**WHAT YOU WILL DO:**
All lines between the one holding "bc87dae28719 Cartier Sorbonne" and the end of the material below, both ends included, should be restated exactly.

**DATA RECORDS:**

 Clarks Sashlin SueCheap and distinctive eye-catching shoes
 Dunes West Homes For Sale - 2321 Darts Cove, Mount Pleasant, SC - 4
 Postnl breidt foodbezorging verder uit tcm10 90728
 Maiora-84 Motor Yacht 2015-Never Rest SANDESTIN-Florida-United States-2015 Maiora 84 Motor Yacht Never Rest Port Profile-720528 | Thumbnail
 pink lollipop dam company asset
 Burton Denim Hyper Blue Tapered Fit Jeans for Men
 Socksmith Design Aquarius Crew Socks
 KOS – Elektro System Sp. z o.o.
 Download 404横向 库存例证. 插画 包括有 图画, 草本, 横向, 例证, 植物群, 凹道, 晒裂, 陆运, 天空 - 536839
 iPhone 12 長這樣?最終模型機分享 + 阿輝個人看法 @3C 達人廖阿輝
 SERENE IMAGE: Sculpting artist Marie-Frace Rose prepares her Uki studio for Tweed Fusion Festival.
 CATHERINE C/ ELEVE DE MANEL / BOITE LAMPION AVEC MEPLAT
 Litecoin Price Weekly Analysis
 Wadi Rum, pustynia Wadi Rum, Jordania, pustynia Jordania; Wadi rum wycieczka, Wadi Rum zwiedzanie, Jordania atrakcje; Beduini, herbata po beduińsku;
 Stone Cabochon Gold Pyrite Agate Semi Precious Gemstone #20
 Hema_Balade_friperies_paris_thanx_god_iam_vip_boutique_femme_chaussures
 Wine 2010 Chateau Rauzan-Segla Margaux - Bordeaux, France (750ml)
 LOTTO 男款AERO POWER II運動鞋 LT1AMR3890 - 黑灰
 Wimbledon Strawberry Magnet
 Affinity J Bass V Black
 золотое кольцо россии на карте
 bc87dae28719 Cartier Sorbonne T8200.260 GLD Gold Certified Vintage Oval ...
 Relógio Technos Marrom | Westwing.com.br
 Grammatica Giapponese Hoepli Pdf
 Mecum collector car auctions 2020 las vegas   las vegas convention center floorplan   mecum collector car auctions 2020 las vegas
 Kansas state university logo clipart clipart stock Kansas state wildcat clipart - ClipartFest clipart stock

**RESPONSE BOX:**
 bc87dae28719 Cartier Sorbonne T8200.260 GLD Gold Certified Vintage Oval ...
 Relógio Technos Marrom | Westwing.com.br
 Grammatica Giapponese Hoepli Pdf
 Mecum collector car auctions 2020 las vegas   las vegas convention center floorplan   mecum collector car auctions 2020 las vegas
 Kansas state university logo clipart clipart stock Kansas state wildcat clipart - ClipartFest clipart stock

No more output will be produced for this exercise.